# Interesting Read...



## Oak-flat Hunter (Oct 29, 2012)

http://www.windstream.net/redir_log...click.phdo?i=6e7cb1f9926c031f93b0ab34e24ca3b9 Confusing at times..The Commercial on the site will end in 15 seconds.


----------



## ambush80 (Oct 29, 2012)

Those crazy scientists........always doing the Lord's work.


----------



## Four (Oct 29, 2012)

I get constantly thrown off by these types of posts... It seems often times people post an article about some new scientific research, which is great... But i assume it's being posted as some sort of evidence against evolution? or science in general?
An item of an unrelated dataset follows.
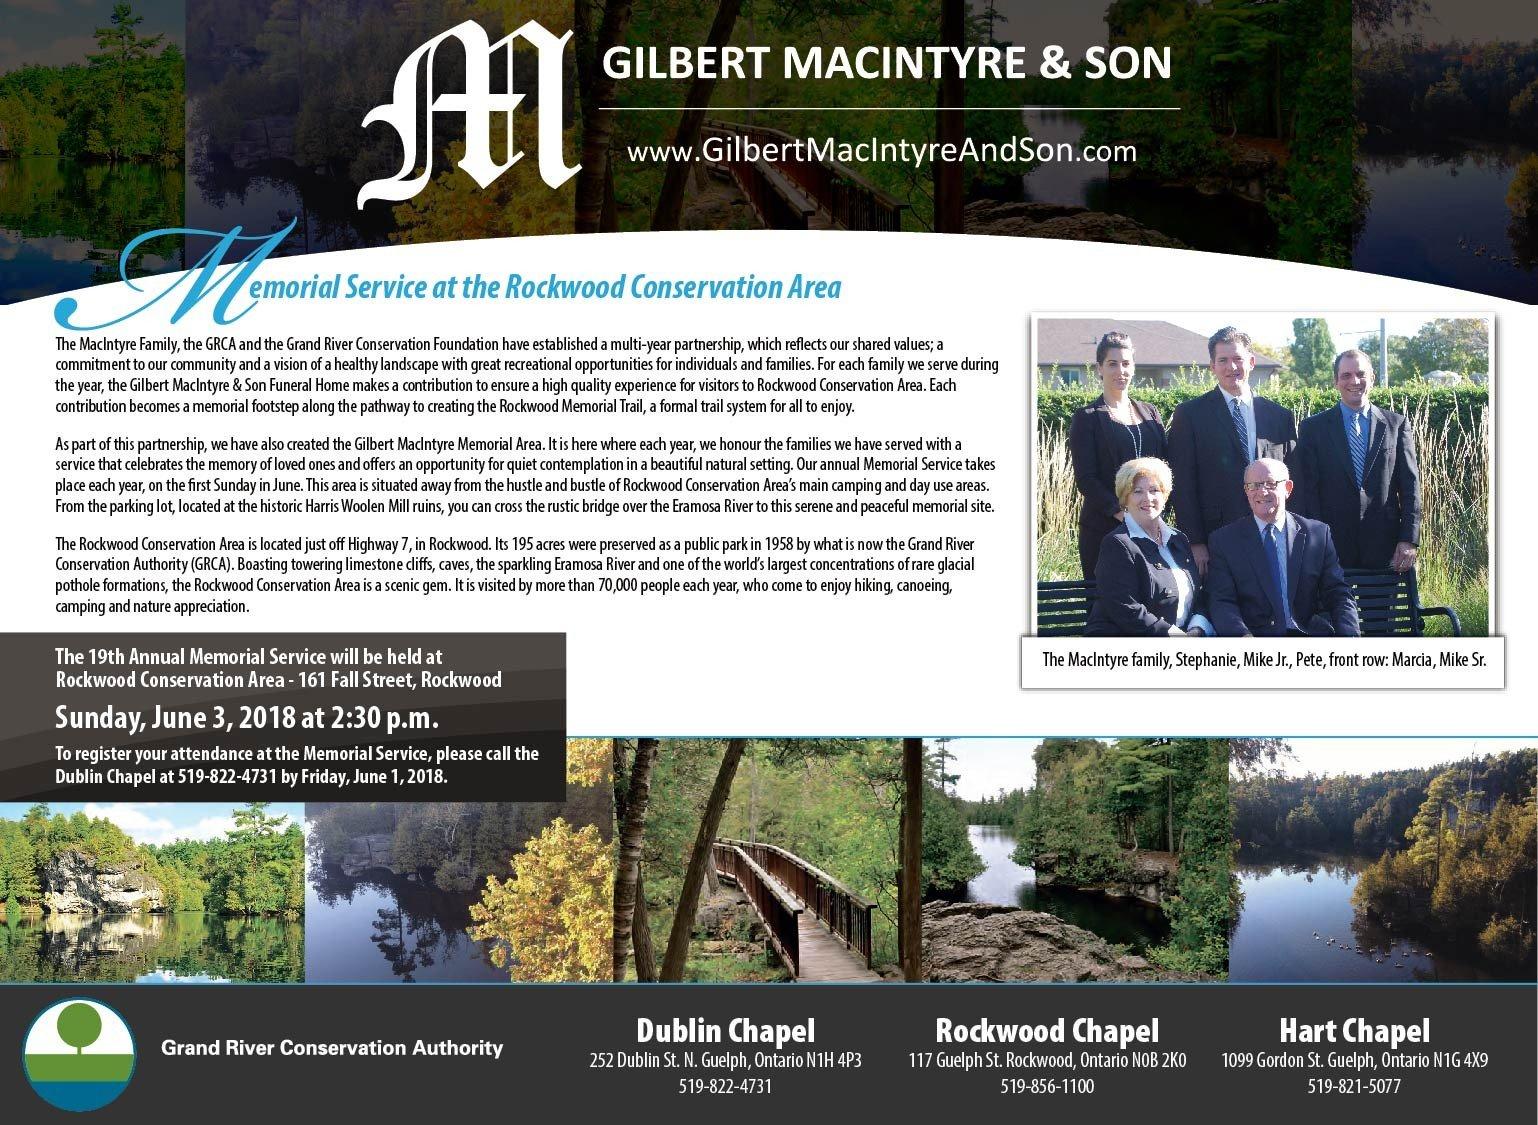 Gilbert MacIntyre & Son Funeral Home

All these articles are just showing how awesome the scientific method is, showing it's effectiveness.


----------



## Michael F. Gray (Oct 29, 2012)

My earliest ancestors were given life by a loving Creator, and placed in the Garden of Eden.


----------



## ambush80 (Oct 29, 2012)

Michael F. Gray said:


> My earliest ancestors were given life by a loving Creator, and placed in the Garden of Eden.



wow...


----------



## hummdaddy (Oct 29, 2012)

Michael F. Gray said:


> My earliest ancestors were given life by a loving Creator, and placed in the Garden of Eden.



THEY WERE BROTHER AND SISTER BY YOUR BOOK


----------



## Four (Oct 30, 2012)

Michael F. Gray said:


> My earliest ancestors were given life by a loving Creator, and placed in the Garden of Eden.



until he drown most of them


----------